堆是一种树形的数据结构，树上的子节点与父节点之间存在顺序关系。二叉堆(binary heap)能够用一个经过组织的列表或数组结构来标识，

在这种结构中，元素N的子节点的序号为2*N+1和2*N+2(下标始于0)。简单来说，这个模块中的所有函数都假设序列是有序的，

所以序列中的第一个元素(seq[0])是最小的，序列的其他部分构成一个二叉树，并且seq[i]节点的子节点分别为seq[2*i+1]以及

seq[2*i+2]。当对序列进行修改时，相关函数总是确保子节点大于等于父节点。

'''

import heapq

heap = []

for value in [20, 10, 30, 50, 40]:

    heapq.heappush(heap, value)

while heap:

    print heapq.heappop(heap)

#heapq模块有两个函数nlargest()和nsmallest()

import heapq

nums = [1, 8, 2, 23, 7, -4, 18, 23, 42, 37, 2]

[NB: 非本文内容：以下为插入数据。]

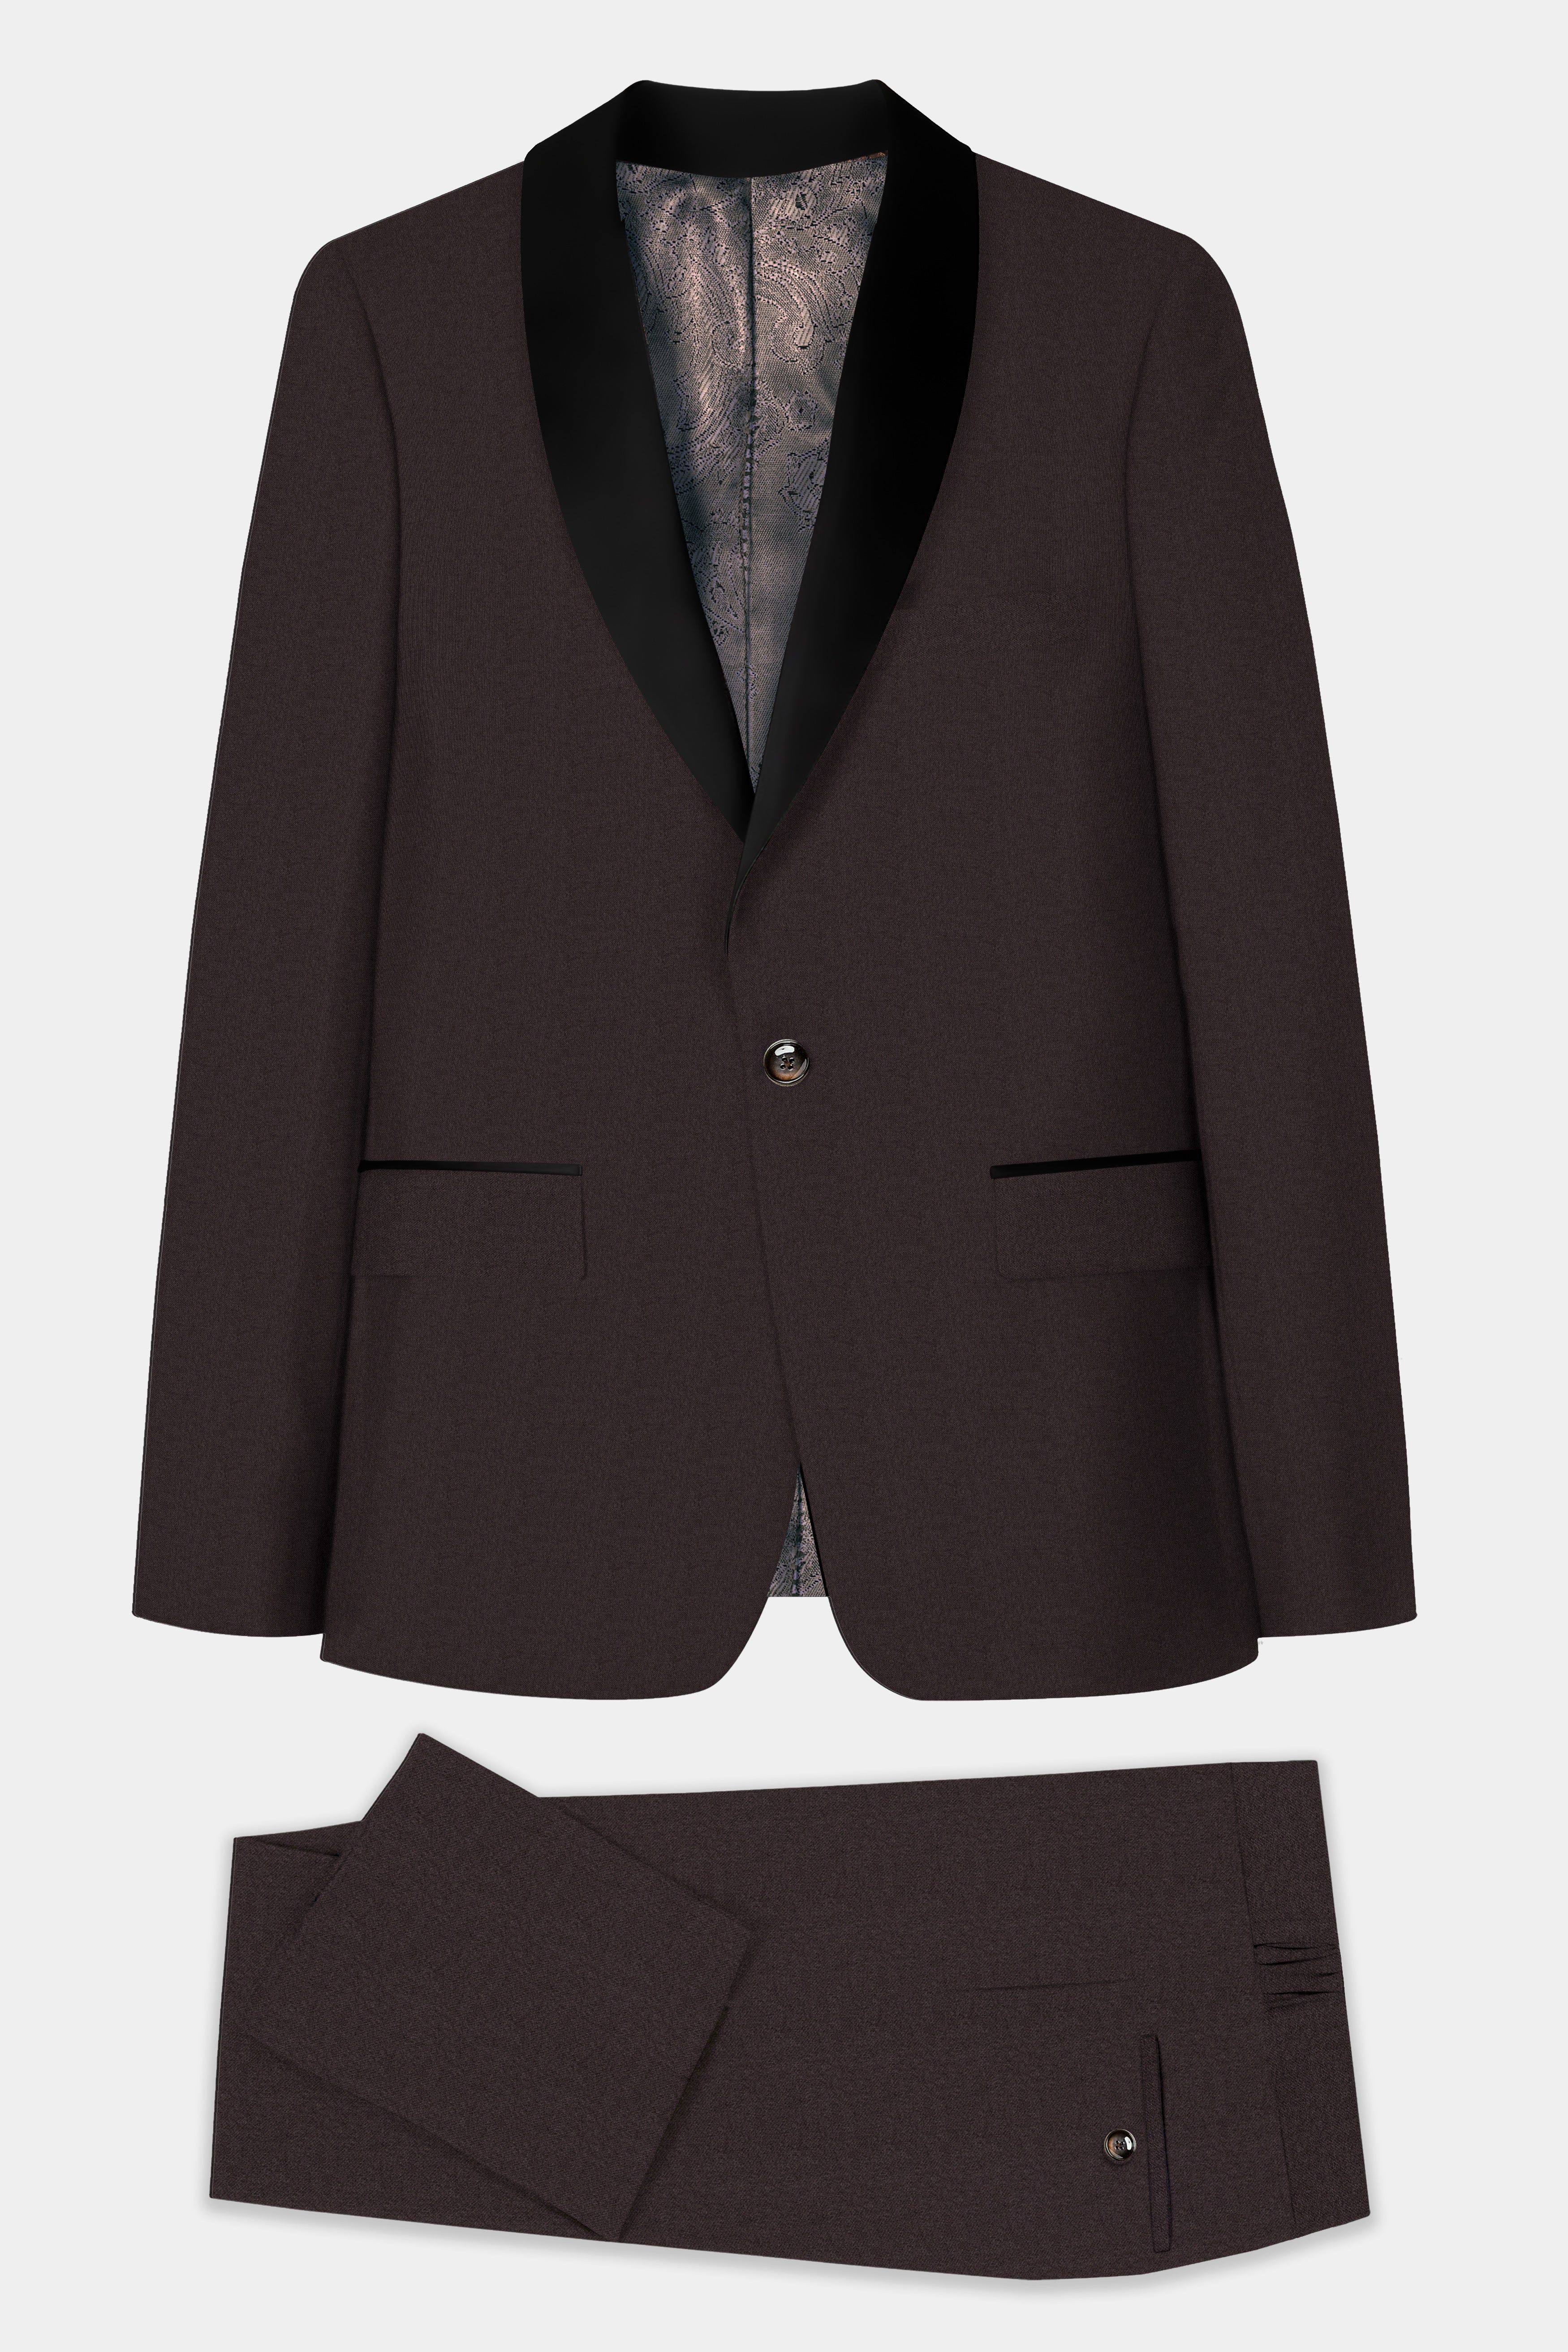 Birch Brown Wool Rich Tuxedo Suit

print(heapq.nlargest(3, nums)) # Prints [42, 37, 23]

print(heapq.nsmallest(3, nums)) # Prints [-4, 1, 2]

#两个函数也能够通过一个键参数使用更为复杂的数据结构

import heapq

portfolio = [

{'name': 'IBM', 'shares': 100, 'price': 91.1},

{'name': 'AAPL', 'shares': 50, 'price': 543.22},

{'name': 'FB', 'shares': 200, 'price': 21.09},

{'name': 'HPQ', 'shares': 35, 'price': 31.75},

{'name': 'YHOO', 'shares': 45, 'price': 16.35},

{'name': 'ACME', 'shares': 75, 'price': 115.65}

]

cheap = heapq.nsmallest(3, portfolio, key=lambda s: s['price'])

expensive = heapq.nlargest(3, portfolio, key=lambda s: s['price'])

print cheap

# [{'price': 16.35, 'name': 'YHOO', 'shares': 45},

# {'price': 21.09, 'name': 'FB', 'shares': 200}, {'price': 31.75, 'name': 'HPQ', 'shares': 35}]

print expensive

# [{'price': 543.22, 'name': 'AAPL', 'shares': 50}, {'price': 115.65, 'name': 'ACME',

# 'shares': 75}, {'price': 91.1, 'name': 'IBM', 'shares': 100}]

#看看如何实现一个根据给定优先级进行排序，并且每次pop操作都返回优先级最高的元素的队列例子

import heapq

class Item:

    def __init__(self, name):

        self.name = name

    def __repr__(self):

        return 'Item({!r})'.format(self.name)

class PriorityQueue:

    def __init__(self):

        self._queue = []

        self._index = 0

    def push(self, item, priority):

        heapq.heappush(self._queue, (-priority, self._index, item))

        self._index += 1

    def pop(self):

        return heapq.heappop(self._queue)[-1]

q = PriorityQueue()

q.push(Item('foo'), 1)

q.push(Item('bar'), 5)

q.push(Item('spam'), 4)

q.push(Item('grok'), 1)

print q.pop() # Item('bar')

print q.pop() # Item('spam')

print q.pop() # Item('foo')

print q.pop() # Item('grok')

'''

bisect模块能够提供保持list元素序列的支持。它使用了二分法完成大部分的工作。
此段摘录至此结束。